Anyway, I also run the 6637. It seals just fine and flows a lot more air than most. K&N filters are fine for naturally aspirated engines but the turbo pulls air in too fast and opens the holes in the filter allowing bigger particles by.

It seems like you have been doing your research and are on the right path. Good job on gauges before the chip. Most guys get that backwards and melt their engine.


----------



## 7.3 Plower (Jan 19, 2009)

My opinion is that BTS does transmissions for a living and will probably know a bit more about my transmission than I do so I'll let them make the parts for it instead of me going at it with a drill. Just like any homeowner can go to hertz rentals and get an excavator, but they won't be able to dig a trench or set galleries as well as I can. Just my opinion you guys are welcome to yours.

And I've been thinking about my stance on plowing with this truck and I'm thinking it probably wouldn't hurt it too much but I just don't have a need to have a plow on my truck at this point.I do all the plowing for my father and he has a 94 or 95 F350 with a 7.3L and an 8' Fisher blade. I have access to that truck whenever I like since nobody else uses it. Doesn't make sense for me to drop the money for a plow on mine when I've got a fully equipped plow truck for free whenever I like.

By the way thanks for all the complements on the truck, guys. 

And by the way my truck is a longbed so it's got a 38 gallon tank. I just filled up this afternoon but my notes are out in the truck so I don't have the exact mileage at the moment.


----------



## cold_and_tired (Dec 18, 2008)

7.3 Plower;815799 said:


> And I've been thinking about my stance on plowing with this truck and I'm thinking it probably wouldn't hurt it too much but I just don't have a need to have a plow on my truck at this point.I do all the plowing for my father and he has a 94 or 95 F350 with a 7.3L and an 8' Fisher blade. I have access to that truck whenever I like since nobody else uses it. Doesn't make sense for me to drop the money for a plow on mine when I've got a fully equipped plow truck for free whenever I like.


I didnt realize you had the truck free of charge. In that case, I wouldnt get a plow anywhere near you truck until the older one takes a dump on you.


----------



## 7.3 Plower (Jan 19, 2009)

cold_and_tired;815800 said:


> I didnt realize you had the truck free of charge. In that case, I wouldnt get a plow anywhere near you truck until the older one takes a dump on you.


I'm never going to really have a need to plow with my truck.

Dad has a mid 90s International with a 10 or 11' power angle plow but it is CDL required.
Then he's got the little 7.3 with the Fisher.

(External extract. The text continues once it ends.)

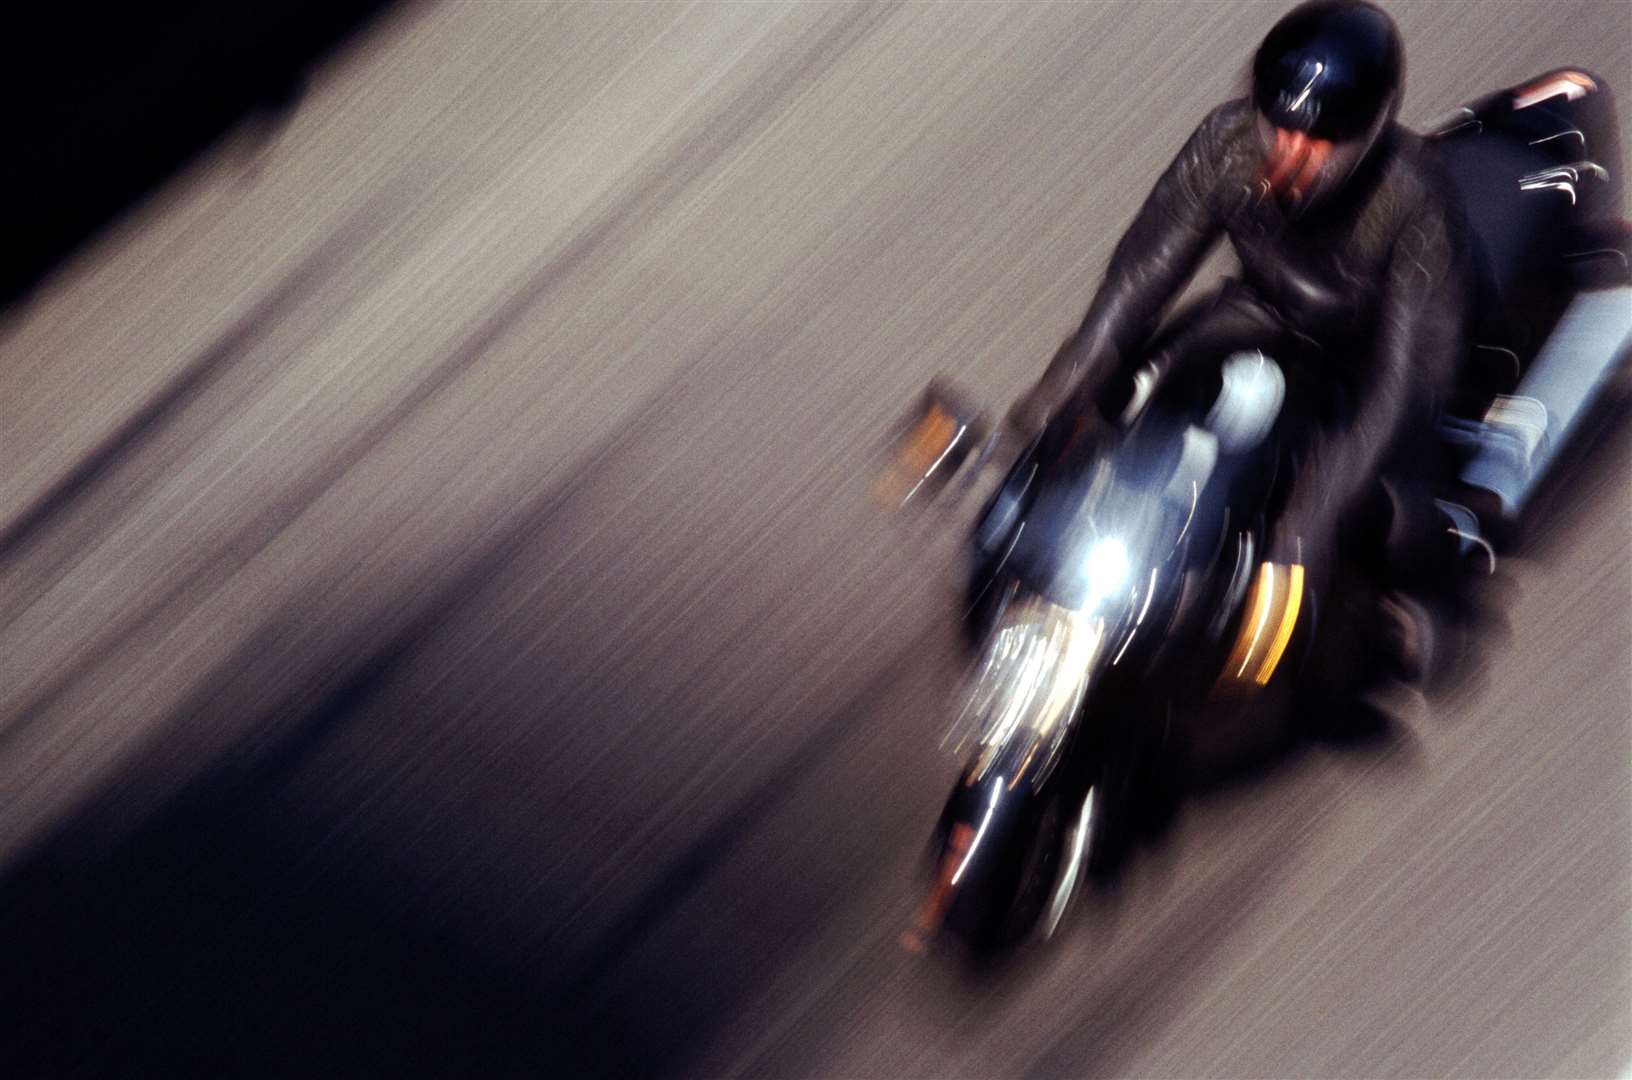 Stock pic: Man riding a motorbike

We've never hooked the plow to the Int'l we mainly use it for moving small amounts of dirt (single axle dump) but it has a blade and all the plumbing as well as hydraulics for a sander in the rear.

So really as long as I keep dad happy I don't have to pay for a plow ever. Just fuel it up when I'm done with it and we're ok.


----------



## abbe (Sep 8, 2009)

Holy Sh*t a 38 gallon tank? mine is a longbed also but i think i barely have a 25 or 26 gallon tank. anyone know where i could find this out specifically? i guess i havent been doing that bad then, with 350 miles on a quarter tank.


----------



## cold_and_tired (Dec 18, 2008)

abbe;815826 said:


> Holy Sh*t a 38 gallon tank? mine is a longbed also but i think i barely have a 25 or 26 gallon tank. anyone know where i could find this out specifically? i guess i havent been doing that bad then, with 350 miles on a quarter tank.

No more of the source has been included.